But everyone who has worked in business sees it as less simple than that. The marketing and operations directors are people.

Signal and noise

Drawing conclusions from data might be an uncontroversial matter were it not for the most common feature of data, fluctuation. Call it variation if you prefer. Business measures do not stand still. Every month, week, day and hour is different. All data features noise. Sometimes is goes up, sometimes down. A whole ecology of occult causes, weakly characterised, unknown and as yet unsuspected, interact to cause irregular variation. They are what cause a coin variously to fall “heads” or “tails”. That variation may often be stable enough, or if you like “exchangeable“, so as to allow statistical predictions to be made, as in the case of the coin toss.

If all data features noise then some data features signals. A signal is a sign, an indicator that some palpable cause has made the data stand out from the background noise. It is that assignable cause which enables inferences to be drawn about what interventions in the business process have had a tangible effect and what future innovations might cement any gains or lead to bigger prospective wins. Signal and noise lead to wholly different business strategies.

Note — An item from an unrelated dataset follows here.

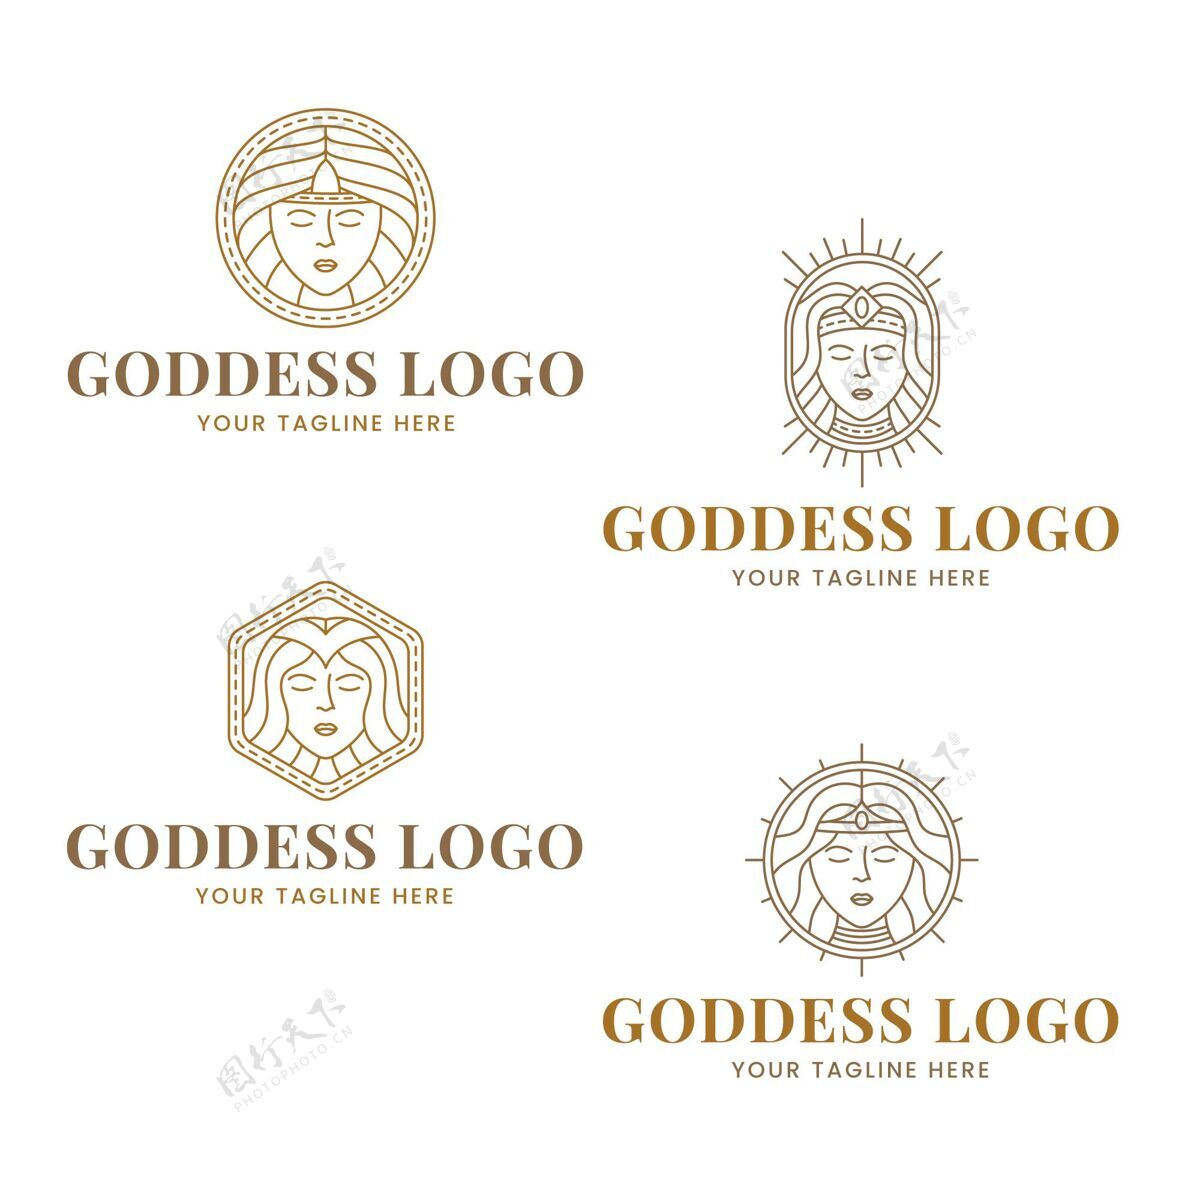 企业标识一套线性女神标志模板品牌公司企业

The relevance for business is that people, where not exposed to rigorous decision support, are really bad at telling the difference between signal and noise. Nobel laureate economist and psychologist Daniel Kahneman has amassed a lifetime of experimental and anecdotal data capturing noise misinterpreted as signal and judgments in the face of compelling data, distorted by emotional and contextual distractions.

Signal and accountability

It is a familiar trope of business, and government, that extravagant promises are made, impressive business cases set out and targets signed off. Yet the ultimate scrutiny as to whether that envisaged performance was realised often lacks rigour. Noise, with its irregular ups and downs, allows those seeking solace from failure to pick out select data points and cast self-serving narratives on the evidence.

Our hypothetical marketing director may fail to achieve his target but recount how there were two individual months where sales exceeded 1,000, construct elaborate rationales as to why only they are representative of his efforts and point to purported external factors that frustrated the remaining ten reports. Pairs of individual data points can always be selected to support any story, Don Wheeler’s classic executive time series.

This is where the ability to distinguish signal and noise is critical. To establish whether targets have been achieved requires crisp definition of business measures, not only outcomes but also the leading indicators that provide context and advise judgment as to prediction reliability. Distinguishing signal and noise requires transparent reporting that allows diverse streams of data criticism. It requires a rigorous approach to characterising noise and a systematic approach not only to identifying signals but to reacting to them in an agile and sustainable manner.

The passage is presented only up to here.